Detectan por primera vez las ondas gravitatorias generadas tras el Big Bang

Foto: RTVE

Nature
Según la información difundida por esta publicación, el equipo dirigido por John Kovac ha logrado percibir por primera vez mediante el telescopio BICEP2 instalado en el Polo Sur, en un pequeño retazo de cielo, esas ondas gravitacionales, consideradas el Santo Grial de la cosmología al probar diversas teorías.

El hallazgo de estas pequeñas ondulaciones de energía, que serían imperceptibles para el ojo humano, demostraría la teoría del periodo inflacionario forjada en 1980 por el físico teórico Alan Guth, del Instituto de Tecnología de Massachusetts.

El llamado “periodo inflacionario” sería un breve lapso de tiempo durante el cual el Universo multiplicó miles de veces su tamaño, de más pequeño que un átomo hasta las dimensiones de una canica y un balón de fútbol.

Esta teoría dependía de hallar las ondas gravitatorias generadas al tener lugar ese periodo de expansión después del Big Bang, hace 13 800 millones de años.

Según la teoría, el periodo inflacionario o expansión se produjo en el primer instante de vida del Universo, cuando tenía 10 elevado a la -37 segundos de edad y una temperatura de 10 elevado a 16 gigaelectronvoltios.

Las ondas gravitatorias, predichas por Albert Einstein con la teoría de la relatividad para explicar la gravedad, pero de cuya existencia no se tenían pruebas, han sido descubiertas por el Telescopio BICEP (Background Imaging of Cosmic Extragalactic Polarization), instalado en el Polo Sur.

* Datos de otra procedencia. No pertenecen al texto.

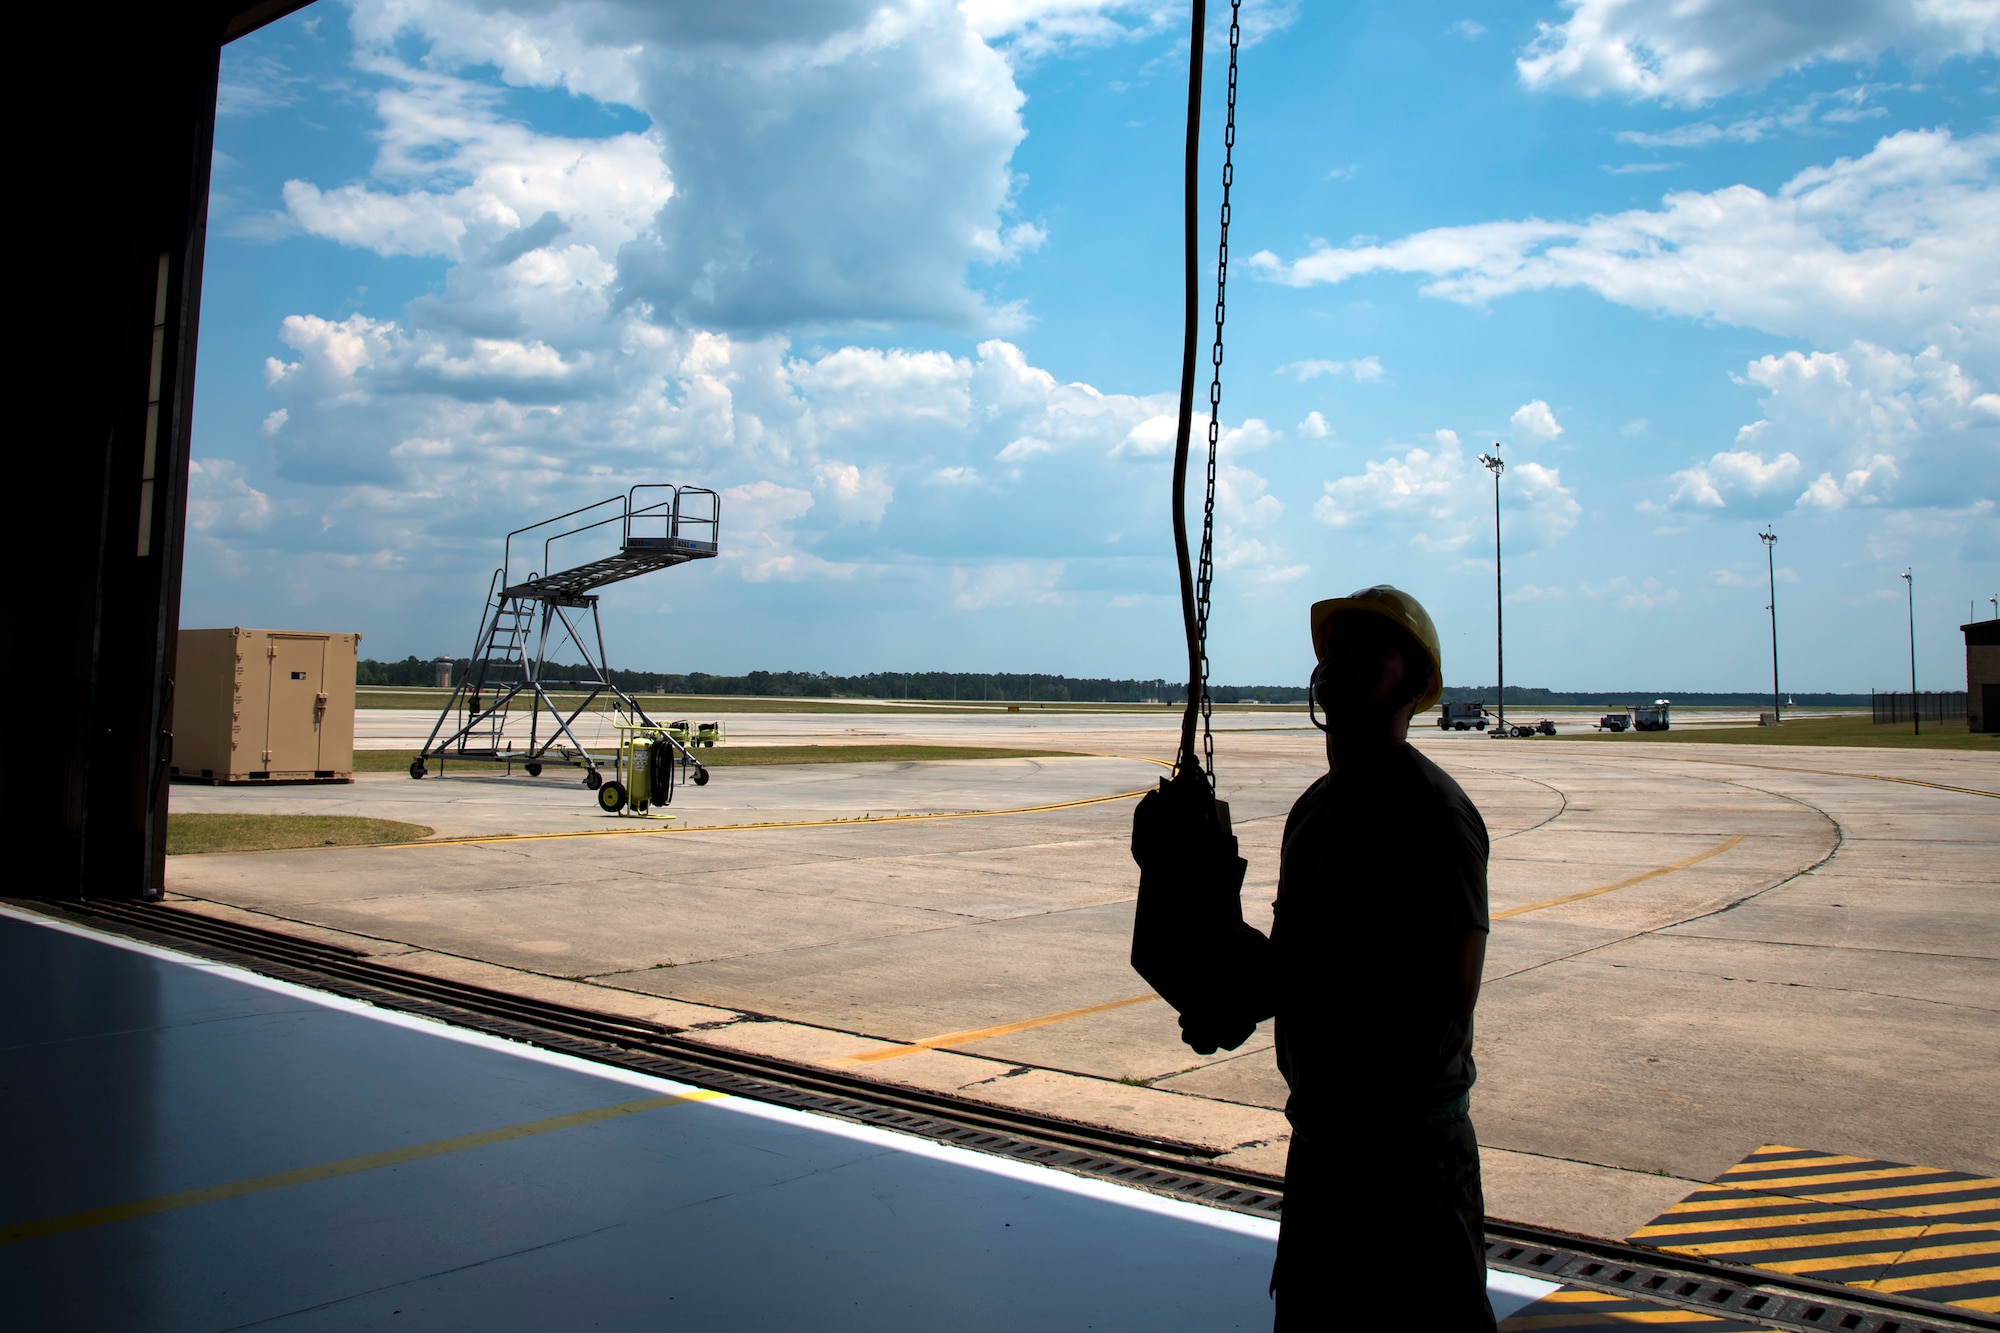 An Airman from the 723d Aircraft Maintenance Squadron (AMXS), operates a lift mechanism, May 10, 2018, at Moody Air Force Base, Ga. Airmen from the 723d AMXS along with machinists from the Corpus Christi Army Depot conducted a full-structural tear down and restoration on an HH-60G Pave Hawk. Once the aircraft was torn down, Airmen and the machinists performed repairs on all of its components prior to resembling it. (U.S. Air Force photo by Airman 1st Class Eugene Oliver)

Este telescopio estudia la radiación cósmica de fondo (CMB), los ecos que aún nos llegan del Big Bang y que los astrónomos creen que oculta una “segunda marca”, que habría revelado la existencia de esas ondas gravitatorias.


Según Nature, el BICEP2 ha capturado una instantánea de estas minúsculas ondulaciones en el tejido del espacio-tiempo producidas por el Big Bang en la CMB, durante su propagación por el Universo hace 380 mil años.

El hecho de que el periodo inflacionario, un fenómeno cuántico, produjera ondas gravitatorias “demuestra que la gravedad tiene una naturaleza cuántica al igual que otras fuerzas fundamentales conocidas de la naturaleza”, se señala en la publicación.

Aunque hasta ahora había pruebas circunstanciales del periodo inflacionario, se consideraba el hallazgo de las ondas como la evidencia definitiva.

“Esta es una prueba cosmológica nueva e independiente de que la imagen inflacionaria se ajusta en su conjunto”, declara en Nature Guth, responsable de la teoría de la inflación del Universo, que explicaría por qué el Universo observable parece uniforme de principio a fin.

En declaraciones a Nature, Kovac señala por su parte que lo que percibió en la CMB el telescopio fue “una imagen directa de ondas gravitorias, que se presentará en breve al escrutinio de la comunidad científica, son para la teoría de la inflación del Universo y para “la condición cuántica de la gravedad”.